Activity:
Count up the lines below containing the word "Camera", and give the result with no other words.

Stored records
★ ★ ★ ★

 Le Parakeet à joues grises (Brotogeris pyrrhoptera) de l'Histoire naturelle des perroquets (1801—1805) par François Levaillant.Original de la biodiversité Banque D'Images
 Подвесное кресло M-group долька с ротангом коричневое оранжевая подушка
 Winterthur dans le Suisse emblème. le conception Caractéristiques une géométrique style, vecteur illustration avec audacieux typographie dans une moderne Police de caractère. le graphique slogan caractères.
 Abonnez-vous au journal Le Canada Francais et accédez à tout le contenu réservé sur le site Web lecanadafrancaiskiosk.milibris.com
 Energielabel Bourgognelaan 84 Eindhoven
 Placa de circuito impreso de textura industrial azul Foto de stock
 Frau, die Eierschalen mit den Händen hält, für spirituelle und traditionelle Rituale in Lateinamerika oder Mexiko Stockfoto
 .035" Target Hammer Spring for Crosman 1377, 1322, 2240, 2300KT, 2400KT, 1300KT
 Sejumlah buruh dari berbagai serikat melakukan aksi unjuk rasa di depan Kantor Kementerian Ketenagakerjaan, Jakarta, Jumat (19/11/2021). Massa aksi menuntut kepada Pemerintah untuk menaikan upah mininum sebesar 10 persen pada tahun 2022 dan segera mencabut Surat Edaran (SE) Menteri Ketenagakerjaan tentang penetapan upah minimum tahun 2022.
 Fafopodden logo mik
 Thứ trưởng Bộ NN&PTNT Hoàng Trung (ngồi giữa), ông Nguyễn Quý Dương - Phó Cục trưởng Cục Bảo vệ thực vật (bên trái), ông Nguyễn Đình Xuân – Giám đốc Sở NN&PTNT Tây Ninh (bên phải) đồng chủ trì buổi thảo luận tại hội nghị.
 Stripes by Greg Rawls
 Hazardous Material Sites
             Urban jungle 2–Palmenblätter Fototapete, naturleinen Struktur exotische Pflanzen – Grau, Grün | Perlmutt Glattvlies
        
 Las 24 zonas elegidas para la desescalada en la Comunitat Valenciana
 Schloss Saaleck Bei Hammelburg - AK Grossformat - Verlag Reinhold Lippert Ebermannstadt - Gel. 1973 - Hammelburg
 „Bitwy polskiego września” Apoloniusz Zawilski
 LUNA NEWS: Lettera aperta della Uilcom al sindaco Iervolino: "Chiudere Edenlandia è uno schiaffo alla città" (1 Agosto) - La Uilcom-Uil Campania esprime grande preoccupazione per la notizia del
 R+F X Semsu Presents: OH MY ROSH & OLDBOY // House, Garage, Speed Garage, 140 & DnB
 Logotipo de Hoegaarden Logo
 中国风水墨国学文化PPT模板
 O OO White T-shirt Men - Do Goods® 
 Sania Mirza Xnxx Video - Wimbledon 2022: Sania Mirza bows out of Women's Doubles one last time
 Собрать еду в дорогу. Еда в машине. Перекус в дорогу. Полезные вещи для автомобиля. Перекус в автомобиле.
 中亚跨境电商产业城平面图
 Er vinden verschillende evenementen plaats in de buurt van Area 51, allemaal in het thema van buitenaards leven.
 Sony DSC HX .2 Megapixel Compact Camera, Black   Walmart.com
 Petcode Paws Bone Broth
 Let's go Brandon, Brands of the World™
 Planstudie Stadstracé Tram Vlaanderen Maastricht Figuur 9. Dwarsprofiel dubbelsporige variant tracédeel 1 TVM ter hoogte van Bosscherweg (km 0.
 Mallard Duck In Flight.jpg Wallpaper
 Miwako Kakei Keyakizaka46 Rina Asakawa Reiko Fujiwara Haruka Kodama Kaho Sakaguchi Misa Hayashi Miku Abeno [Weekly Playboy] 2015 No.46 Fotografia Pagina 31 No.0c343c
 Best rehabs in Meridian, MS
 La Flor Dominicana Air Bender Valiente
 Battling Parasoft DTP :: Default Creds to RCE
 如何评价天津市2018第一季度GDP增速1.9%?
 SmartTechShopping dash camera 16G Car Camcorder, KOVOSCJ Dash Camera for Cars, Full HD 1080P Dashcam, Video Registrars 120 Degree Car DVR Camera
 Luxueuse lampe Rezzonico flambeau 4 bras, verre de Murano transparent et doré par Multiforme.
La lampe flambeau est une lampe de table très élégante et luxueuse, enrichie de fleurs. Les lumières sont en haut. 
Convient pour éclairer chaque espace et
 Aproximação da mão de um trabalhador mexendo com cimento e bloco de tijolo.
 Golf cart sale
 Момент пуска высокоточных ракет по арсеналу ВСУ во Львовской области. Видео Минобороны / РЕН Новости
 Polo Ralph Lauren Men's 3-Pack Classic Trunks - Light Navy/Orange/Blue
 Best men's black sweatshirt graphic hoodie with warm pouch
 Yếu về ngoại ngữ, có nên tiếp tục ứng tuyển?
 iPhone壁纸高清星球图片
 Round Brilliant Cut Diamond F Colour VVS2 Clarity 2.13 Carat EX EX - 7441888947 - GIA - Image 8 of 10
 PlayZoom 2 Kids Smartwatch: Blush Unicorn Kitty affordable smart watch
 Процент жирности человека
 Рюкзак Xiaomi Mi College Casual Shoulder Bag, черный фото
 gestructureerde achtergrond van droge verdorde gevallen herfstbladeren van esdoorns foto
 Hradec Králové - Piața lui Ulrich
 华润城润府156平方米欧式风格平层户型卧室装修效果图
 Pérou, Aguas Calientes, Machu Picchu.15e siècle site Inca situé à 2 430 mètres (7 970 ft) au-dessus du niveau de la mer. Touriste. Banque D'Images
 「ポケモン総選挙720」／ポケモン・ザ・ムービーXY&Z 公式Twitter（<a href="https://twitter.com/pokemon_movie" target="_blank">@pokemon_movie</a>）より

★ ★ ★ ★

Result:
2